RAW DATA –
_ _ _
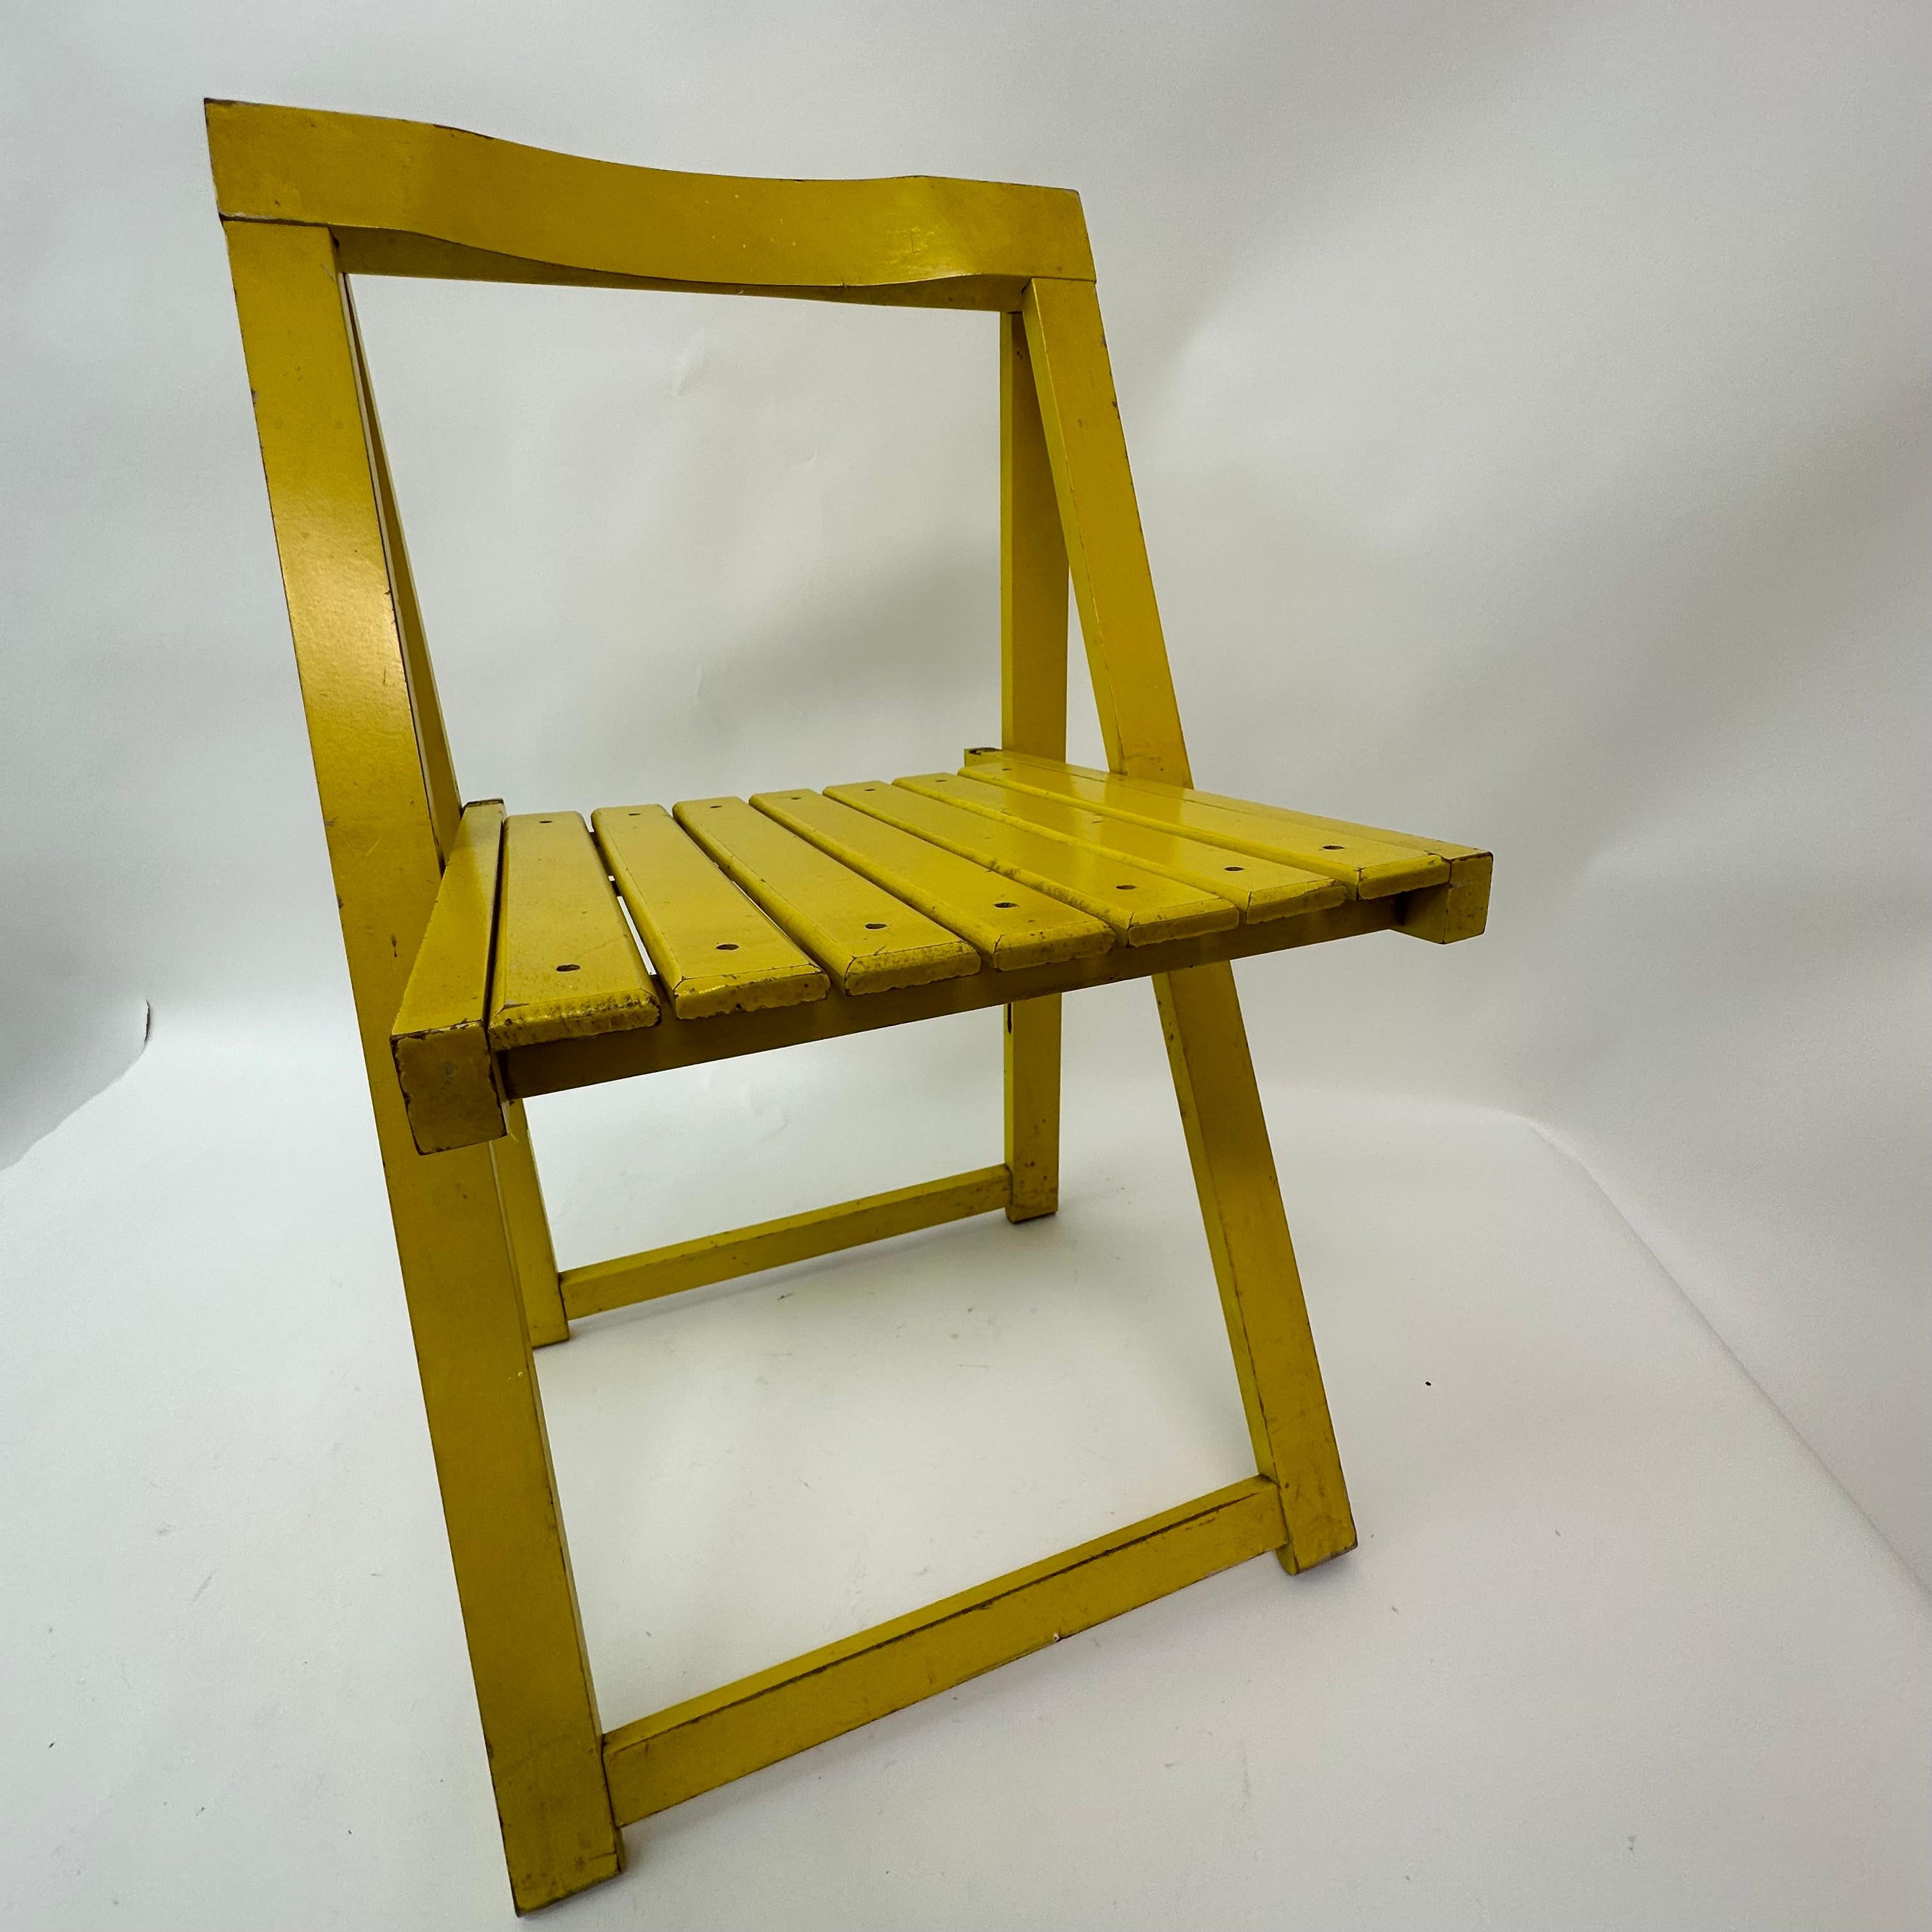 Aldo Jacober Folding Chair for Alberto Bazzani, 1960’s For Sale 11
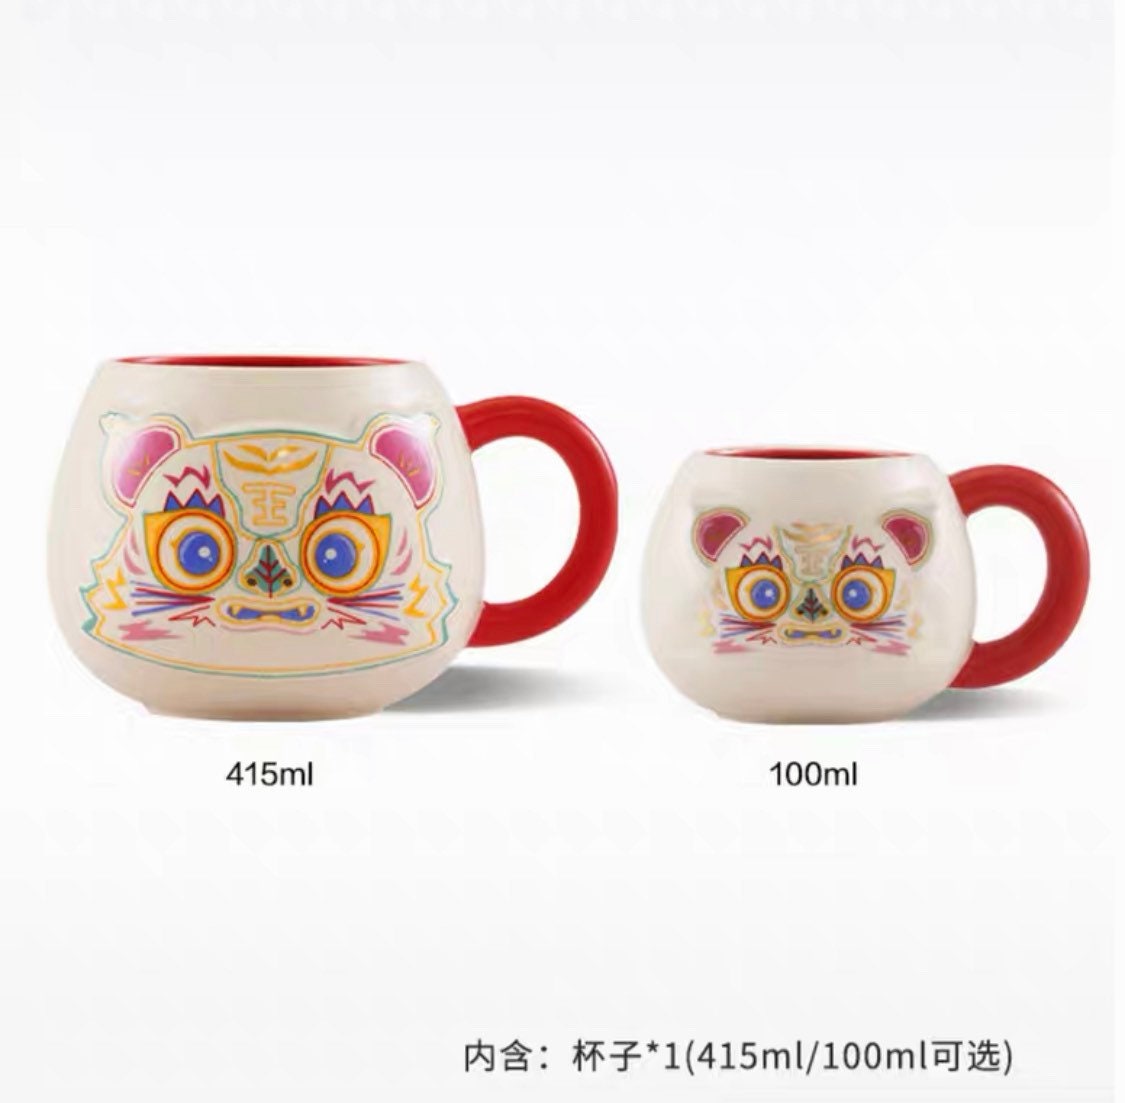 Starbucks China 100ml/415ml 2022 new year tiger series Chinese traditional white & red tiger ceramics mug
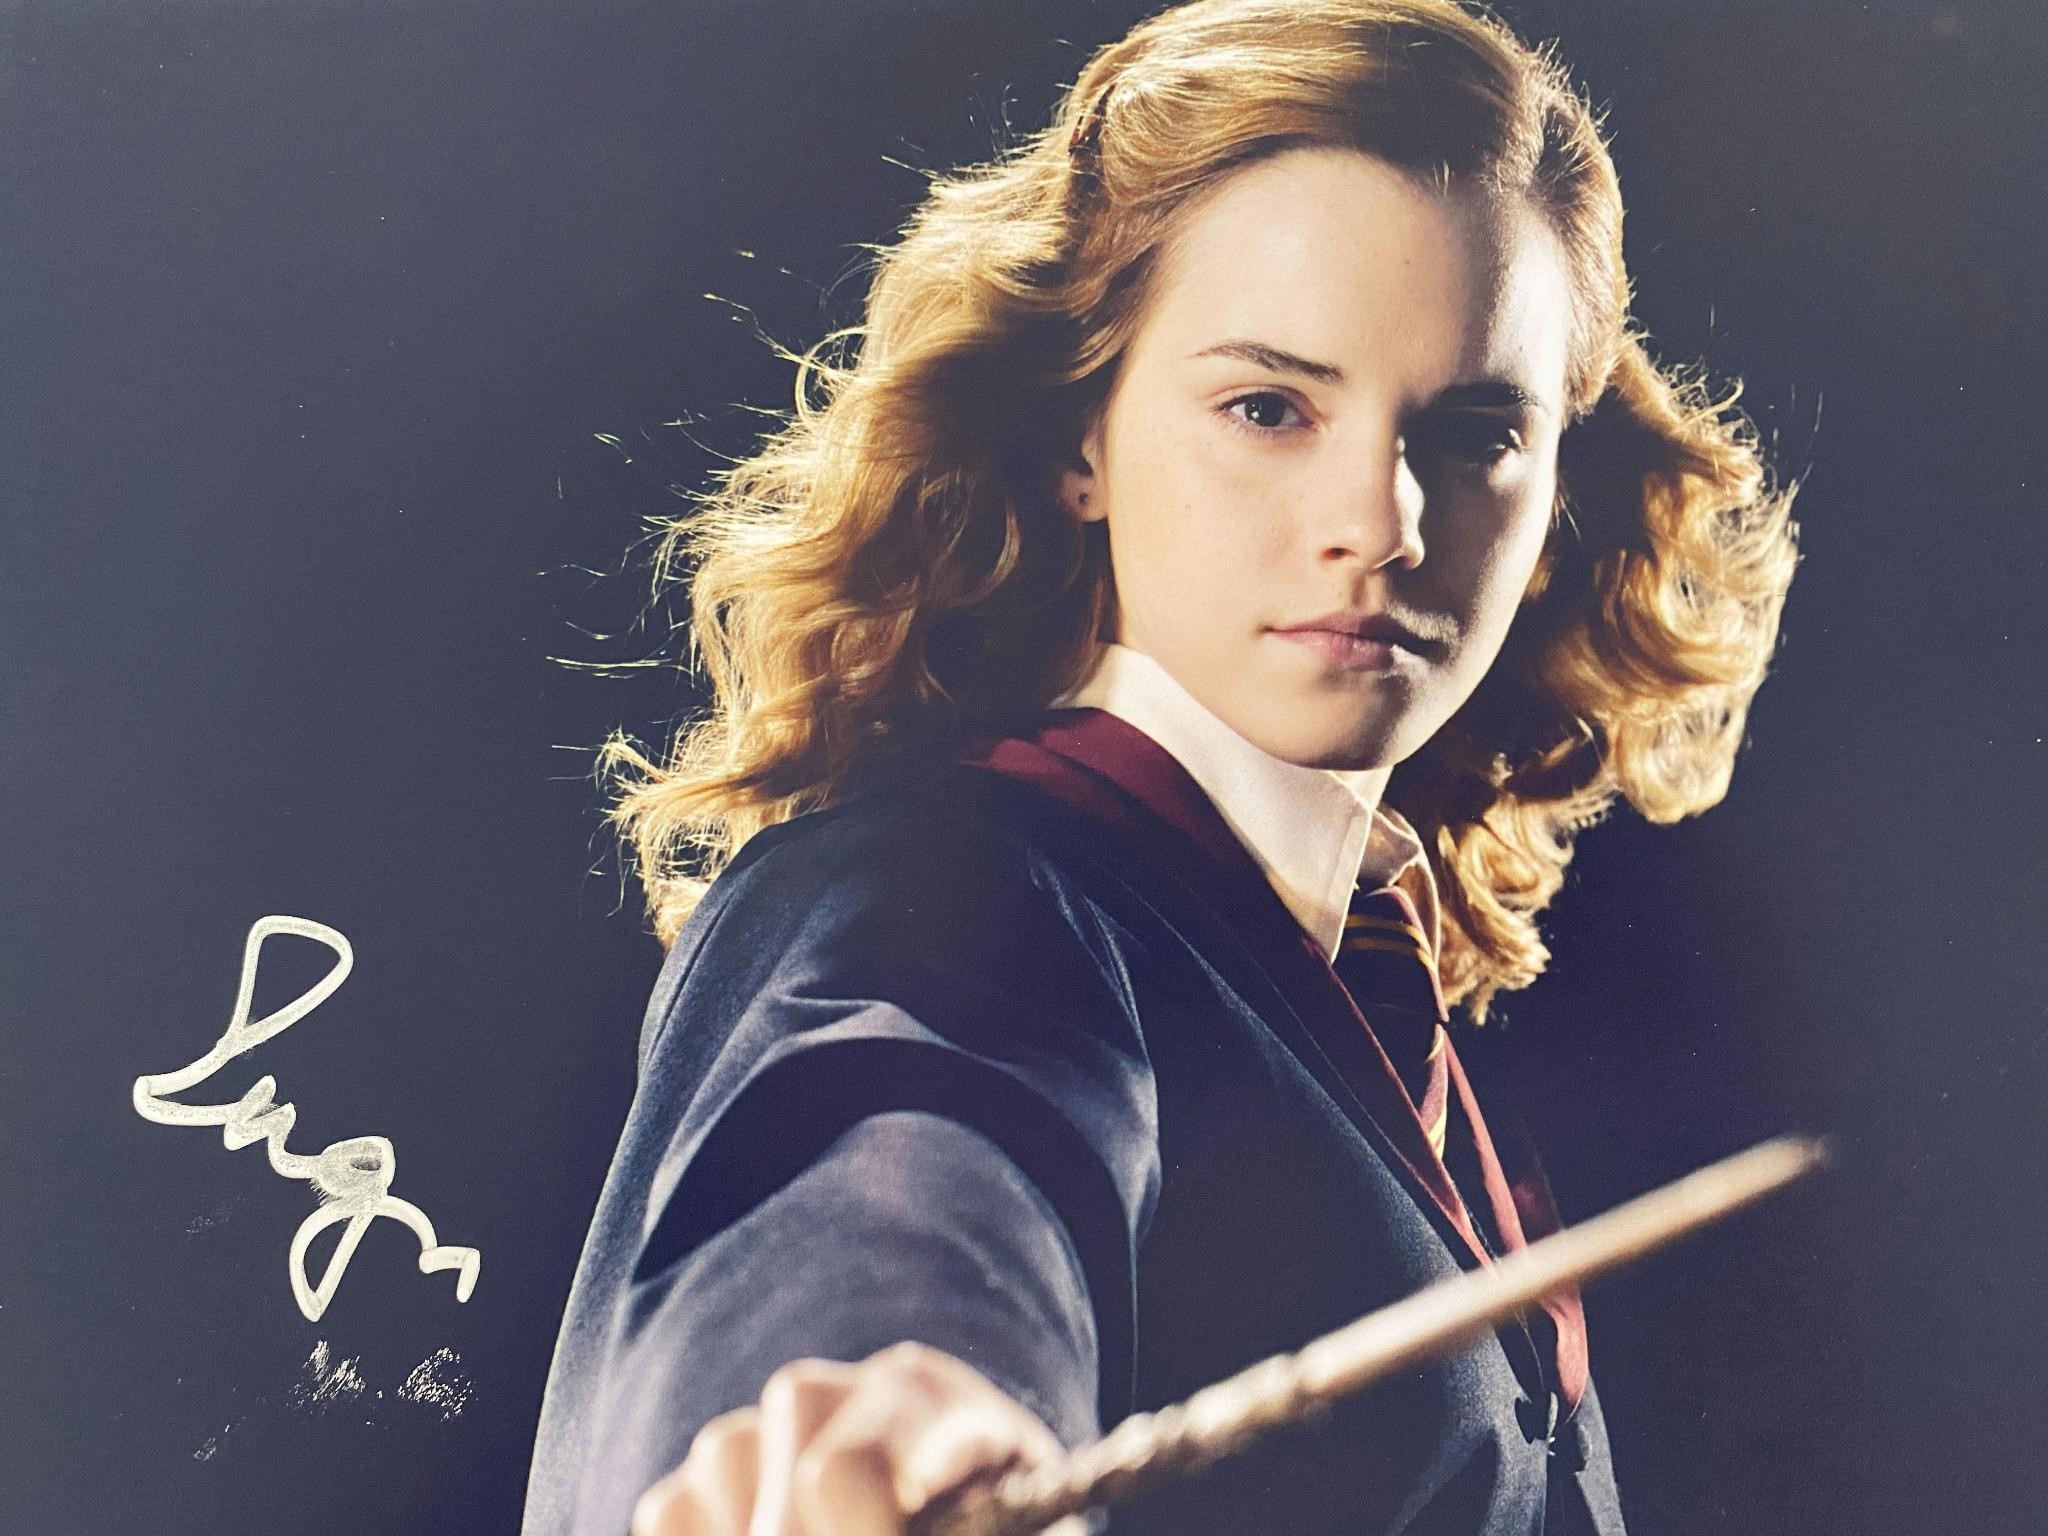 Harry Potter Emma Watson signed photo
_ _ _
WHAT YOU WILL DO – Could the data above be reproduced exactly, with the pictures left out?

SOLUTION FOR THIS EXERCISE –
 Aldo Jacober Folding Chair for Alberto Bazzani, 1960’s For Sale 11
 Starbucks China 100ml/415ml 2022 new year tiger series Chinese traditional white & red tiger ceramics mug
 Harry Potter Emma Watson signed photo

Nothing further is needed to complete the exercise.